▼▼▼

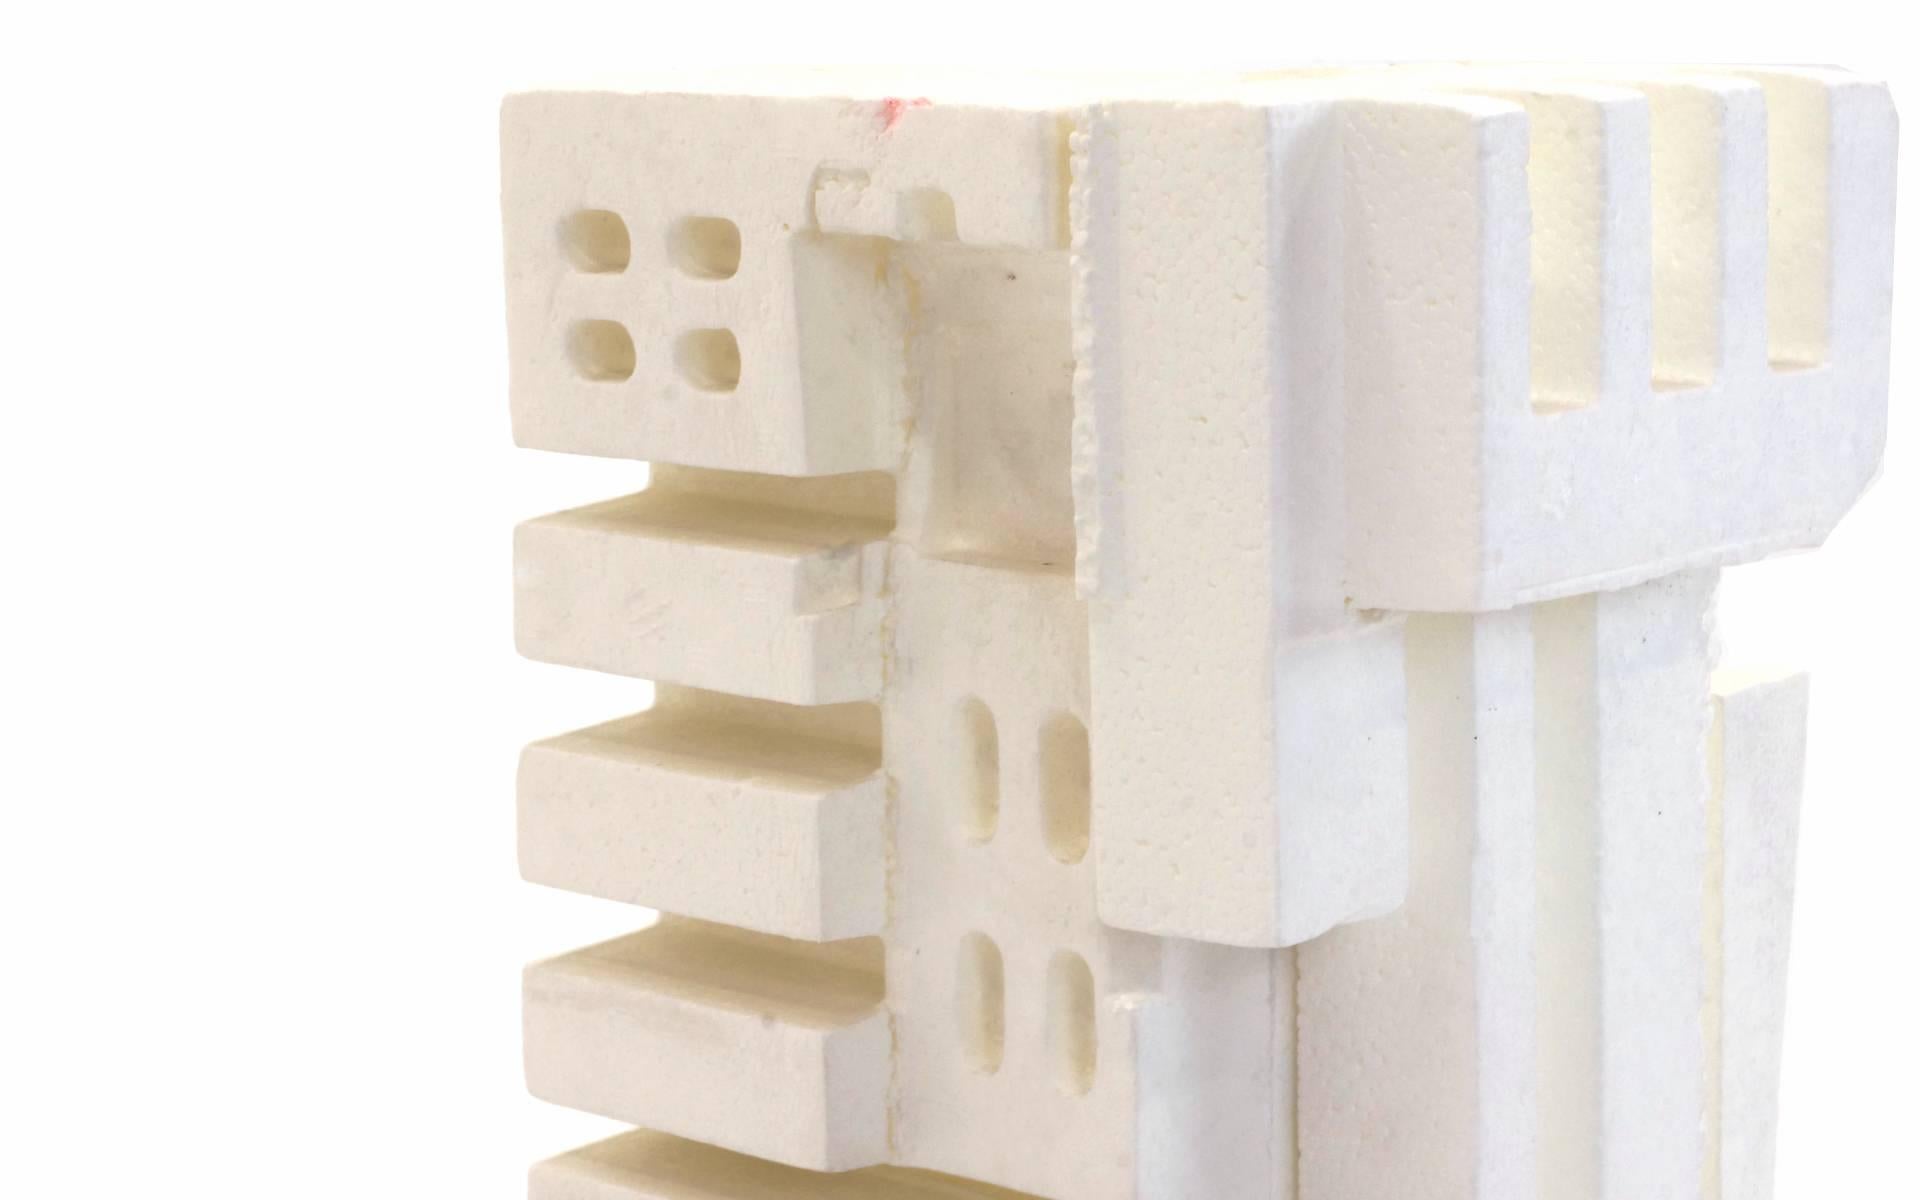 Fin du 20e siècle Sculpture Irving Harper en Styrofoam de sa série de ' Paper Sculptures '
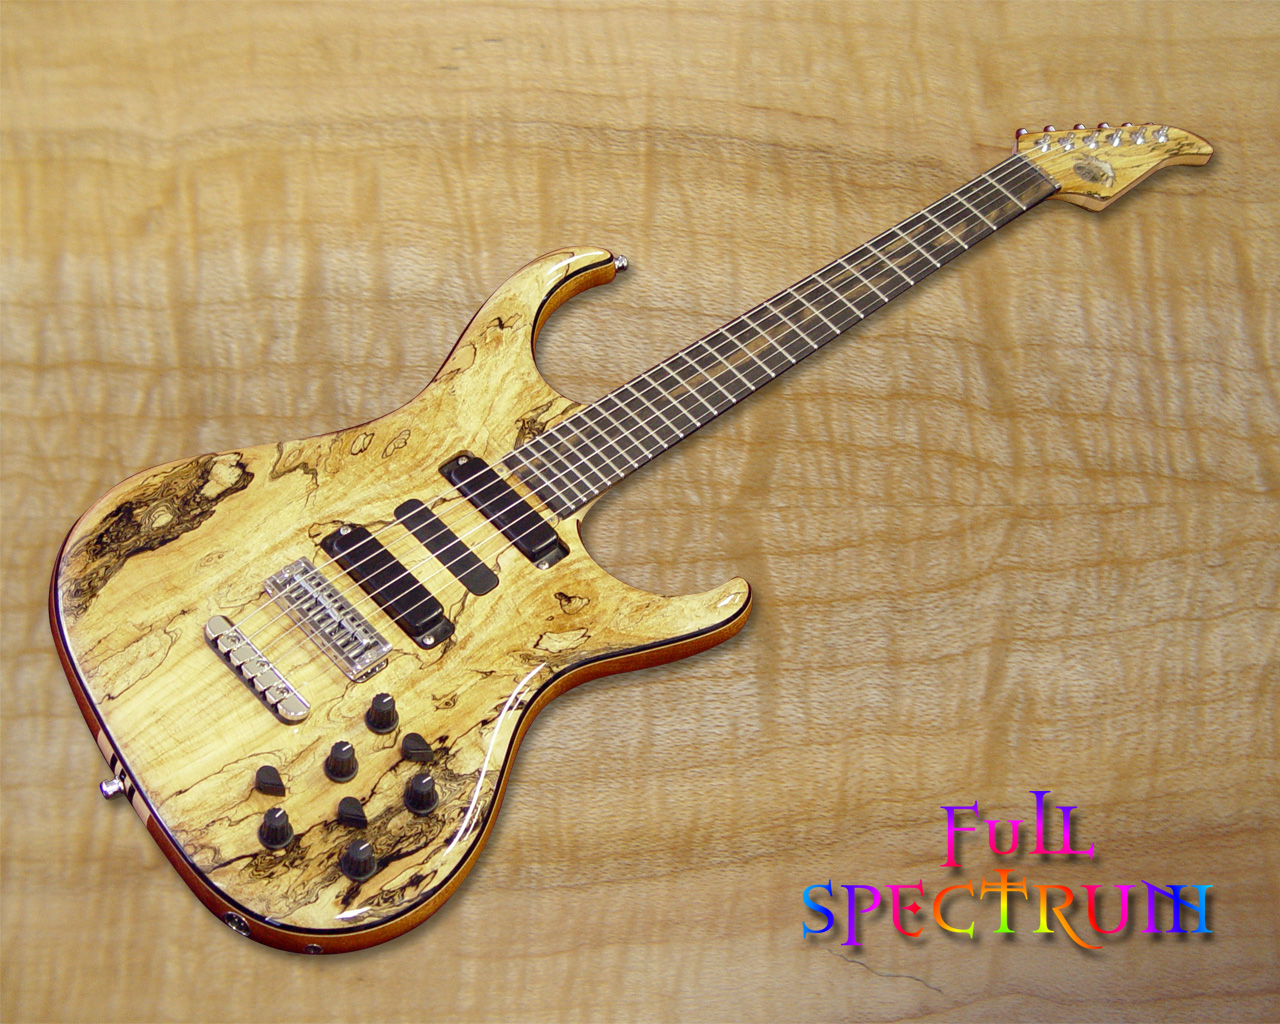 1992 Fender Stratocaster 1992 Fender Stratocaster 1959 - Spalted Maple Veneer Guitar , HD Wallpaper & Backgrounds
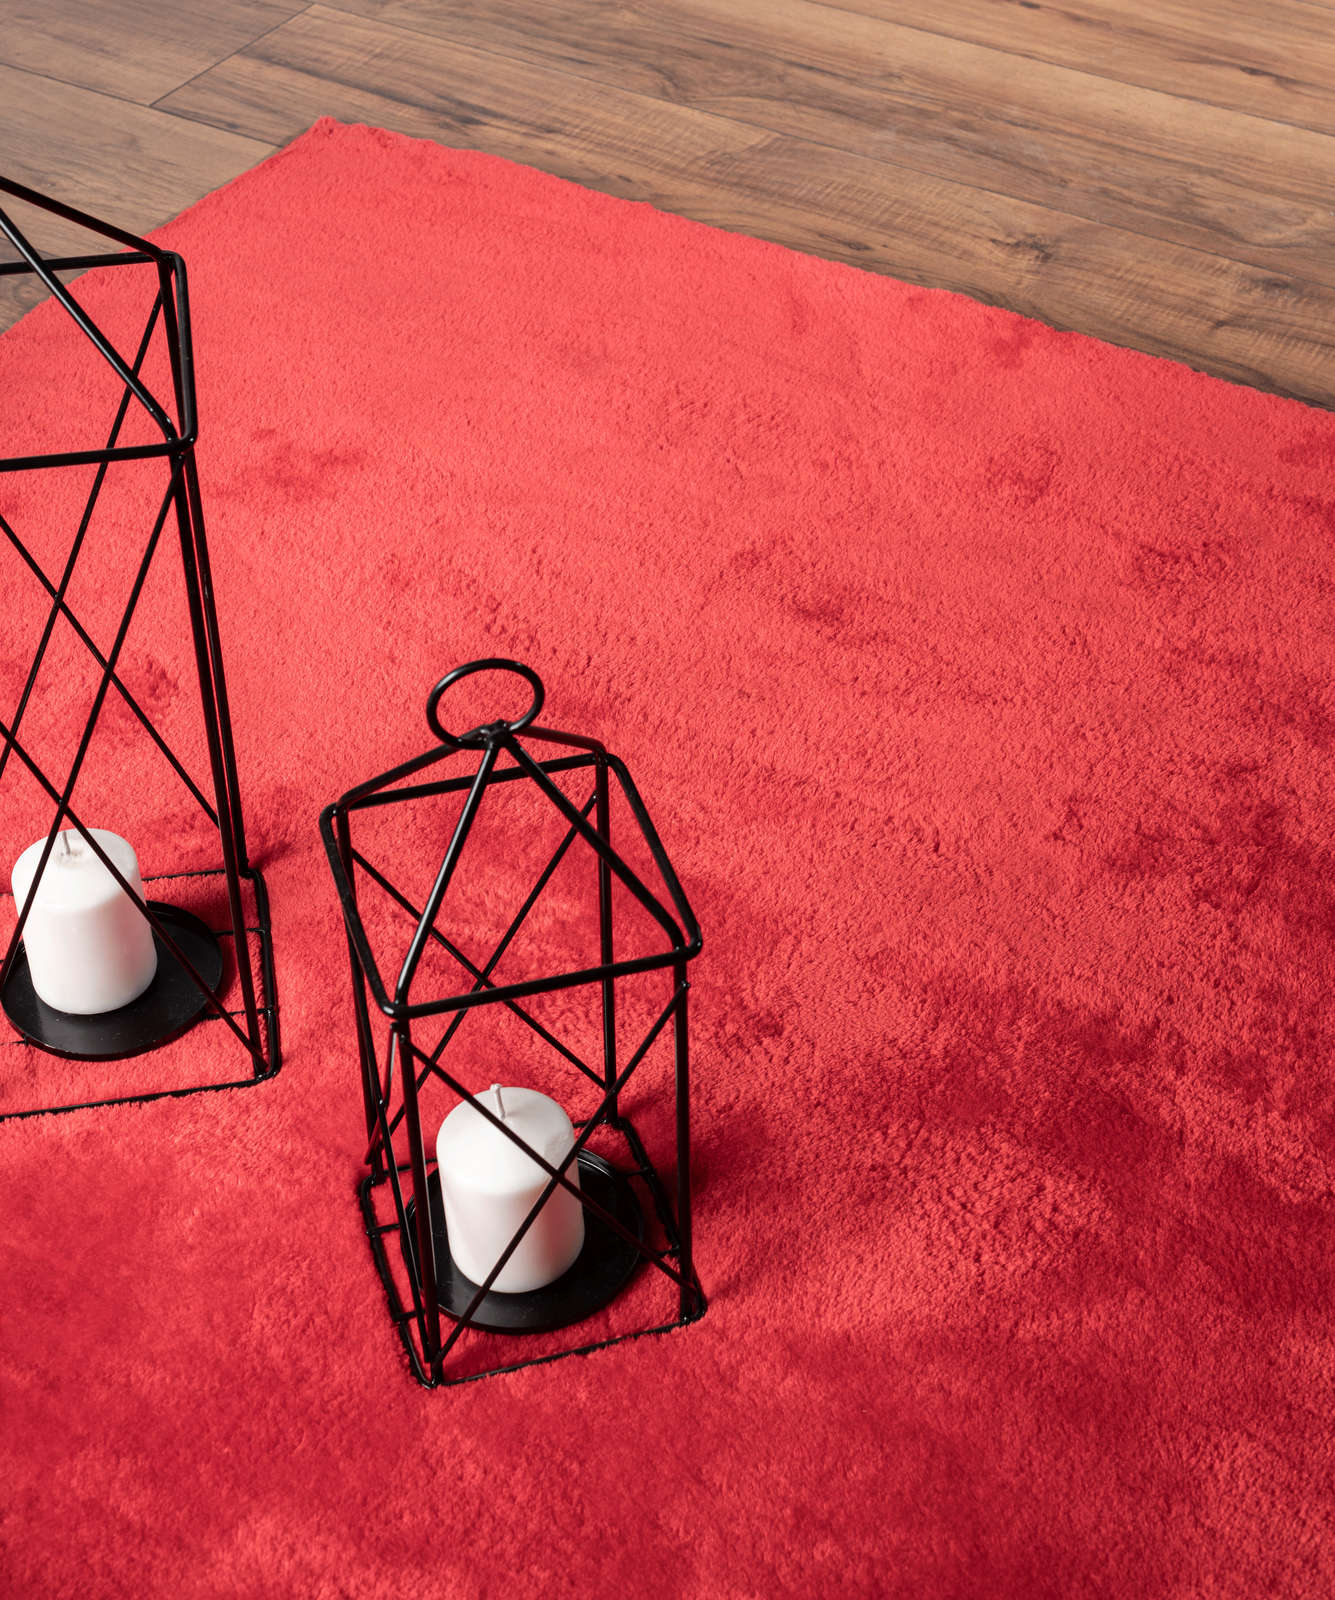             Extra zacht hoogpolig tapijt in rood - 230 x 160 cm
        
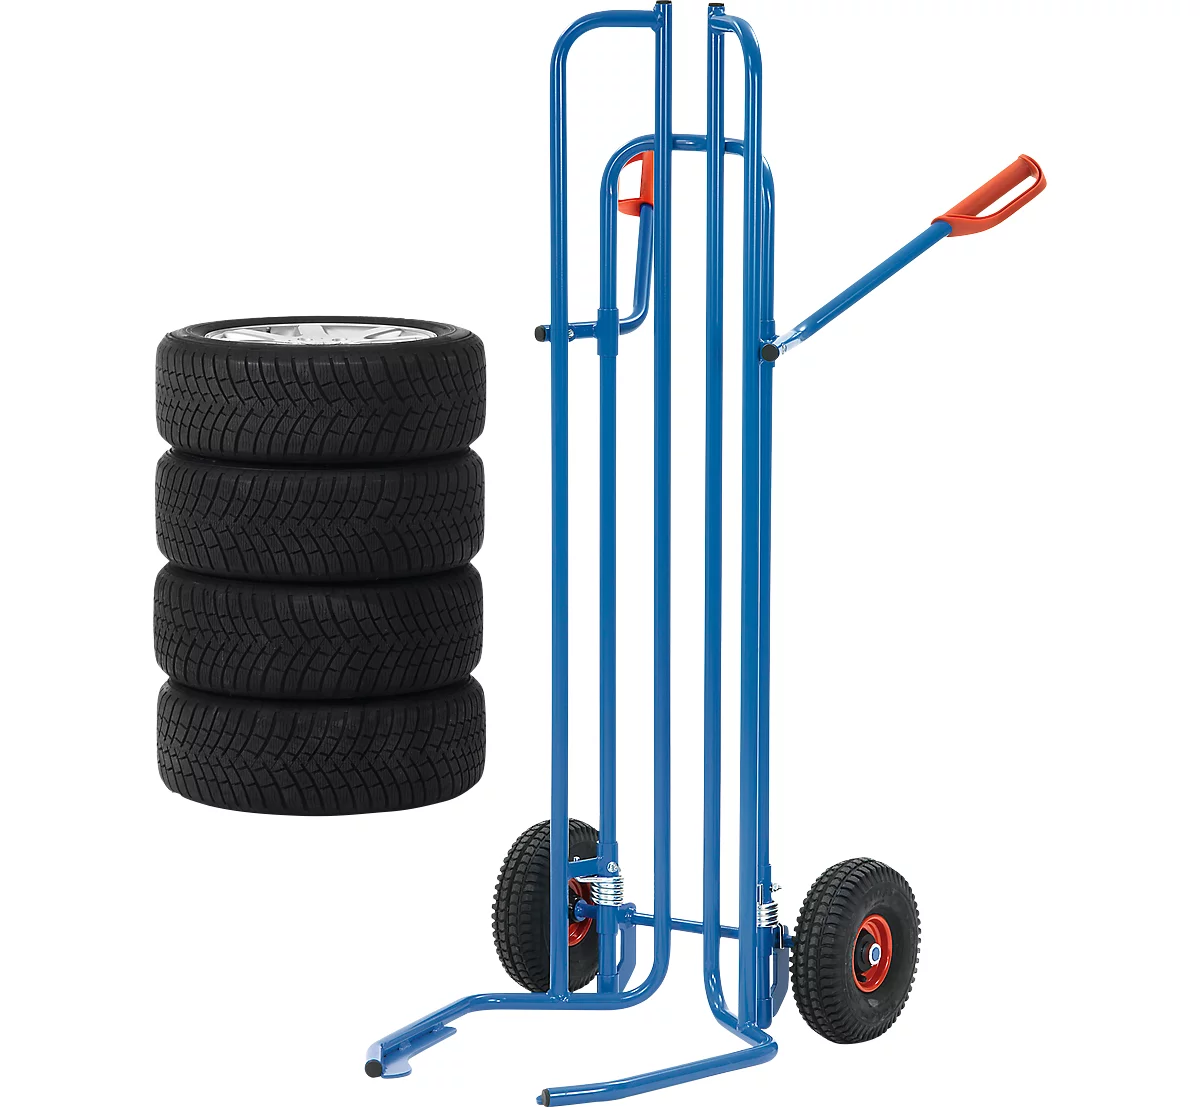 Reifenkarre, Stahlrohr, für 8 Reifen, Ø 450-750 mm, bis 200 kg, Luft-Bereifung, brillantblau (RAL 5007)

▲▲▲

### [Your objective]
Output the data above exactly, beginning at its first line and ending with the line that holds "1992 Fender Stratocaster 1992". Leave out the pictures and add nothing.

### [Solution to the problem]
 Fin du 20e siècle Sculpture Irving Harper en Styrofoam de sa série de ' Paper Sculptures '
 1992 Fender Stratocaster 1992 Fender Stratocaster 1959 - Spalted Maple Veneer Guitar , HD Wallpaper & Backgrounds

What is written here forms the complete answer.